- _WHAT THE TASK ASKS_:
Whenever a picture appears in the data, skip it and write out all other material exactly.

- _INPUT DATA_:
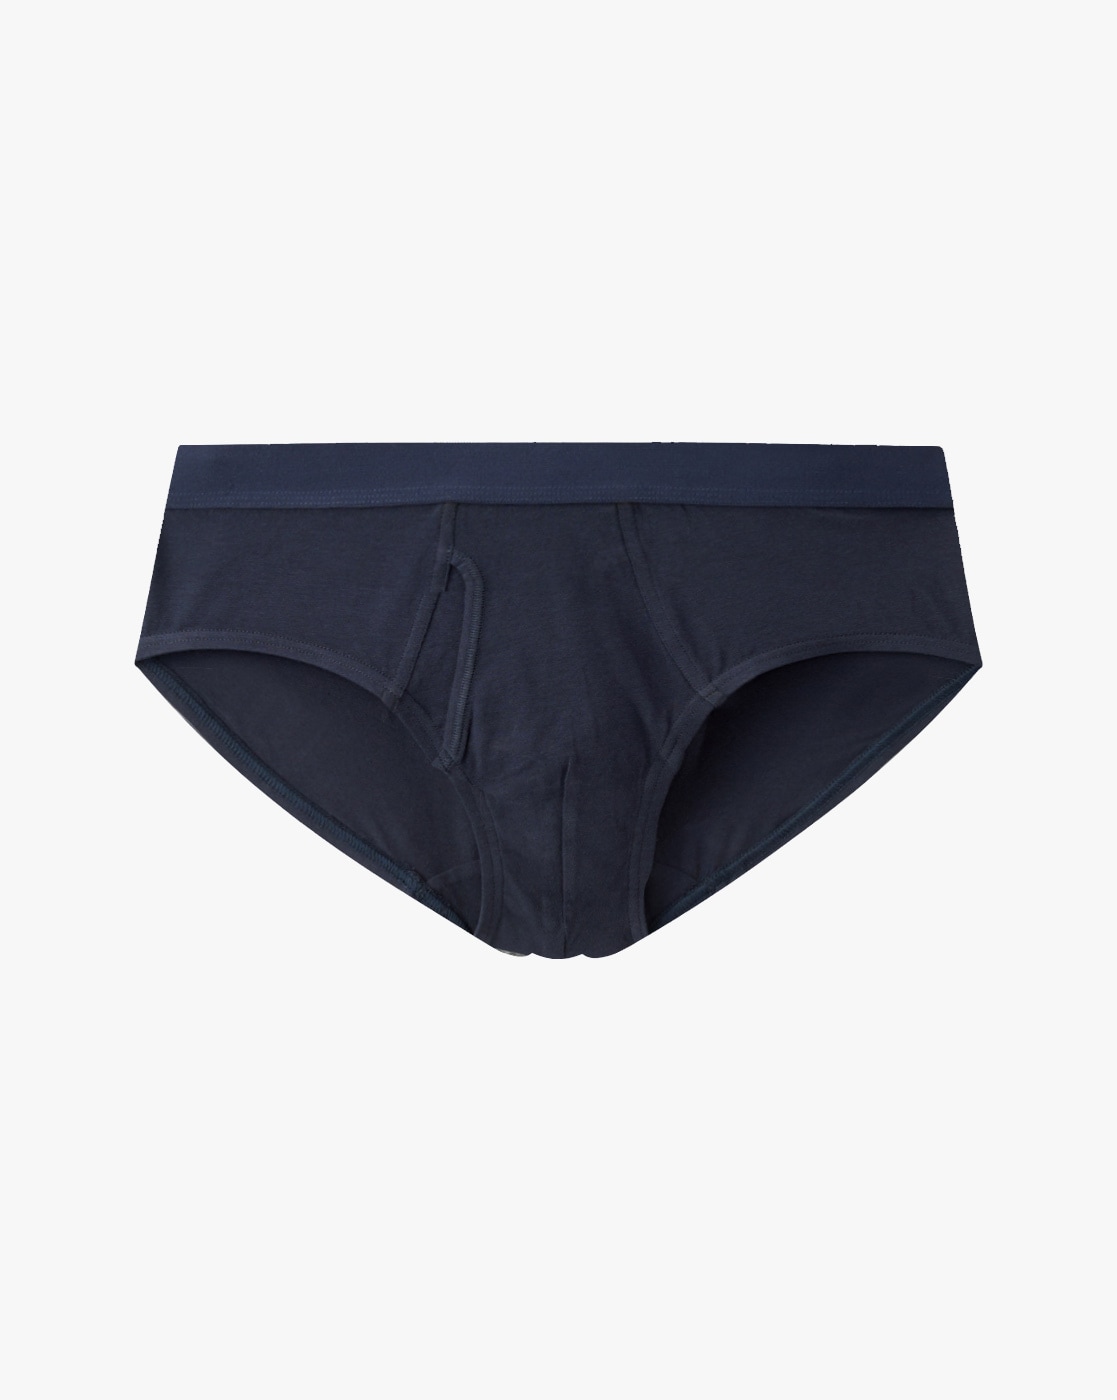 BNIP> MUJI Men's Dark Navy Front Open Briefs Size M Underwear, Men's  Fashion, Bottoms, New Underwear on Carousell
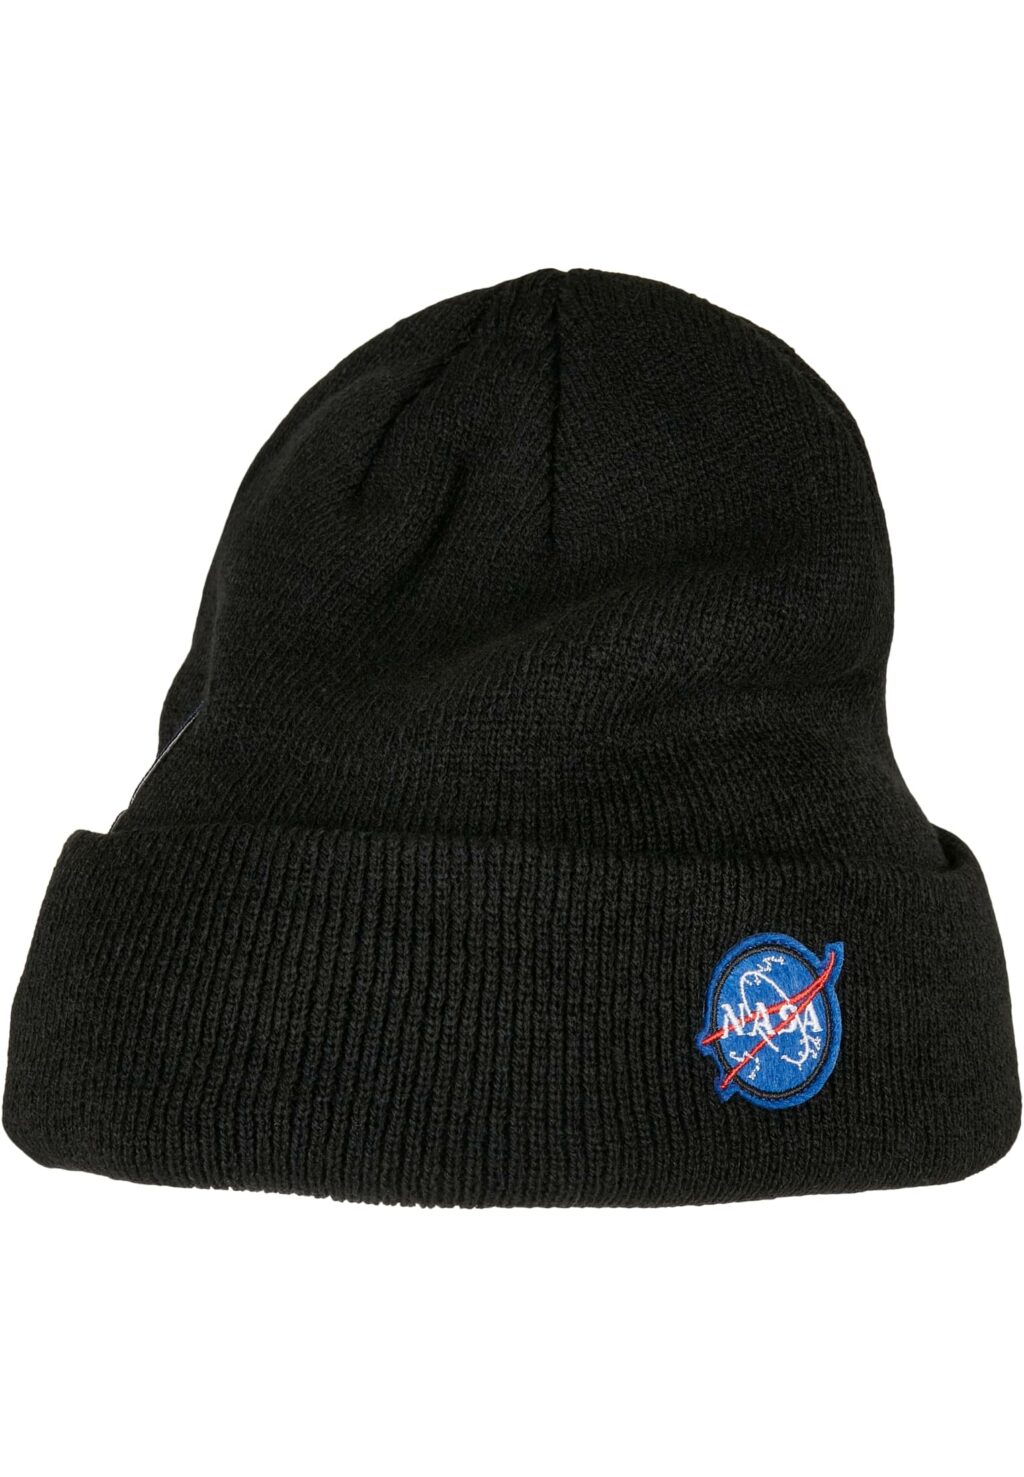 NASA Embroidery Beanie black one MT2081
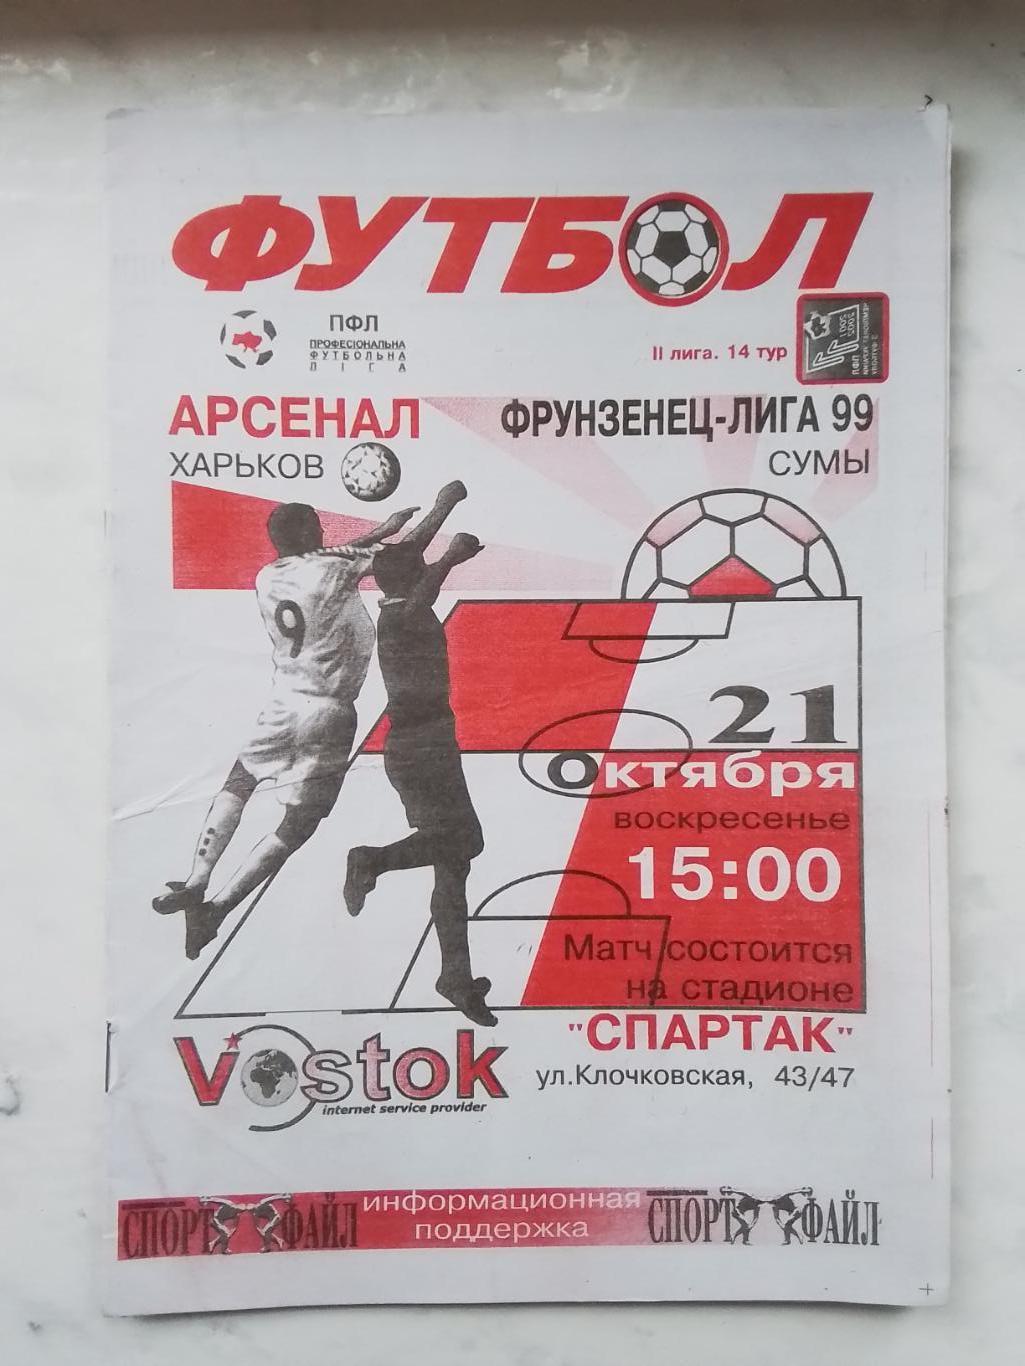 Арсенал Харьков - Фрунзенец-Лига-99 Сумы 2001 - 2002

- _RESPONSE TO THIS TASK_:
 BNIP> MUJI Men's Dark Navy Front Open Briefs Size M Underwear, Men's  Fashion, Bottoms, New Underwear on Carousell
 NASA Embroidery Beanie black one MT2081
 Арсенал Харьков - Фрунзенец-Лига-99 Сумы 2001 - 2002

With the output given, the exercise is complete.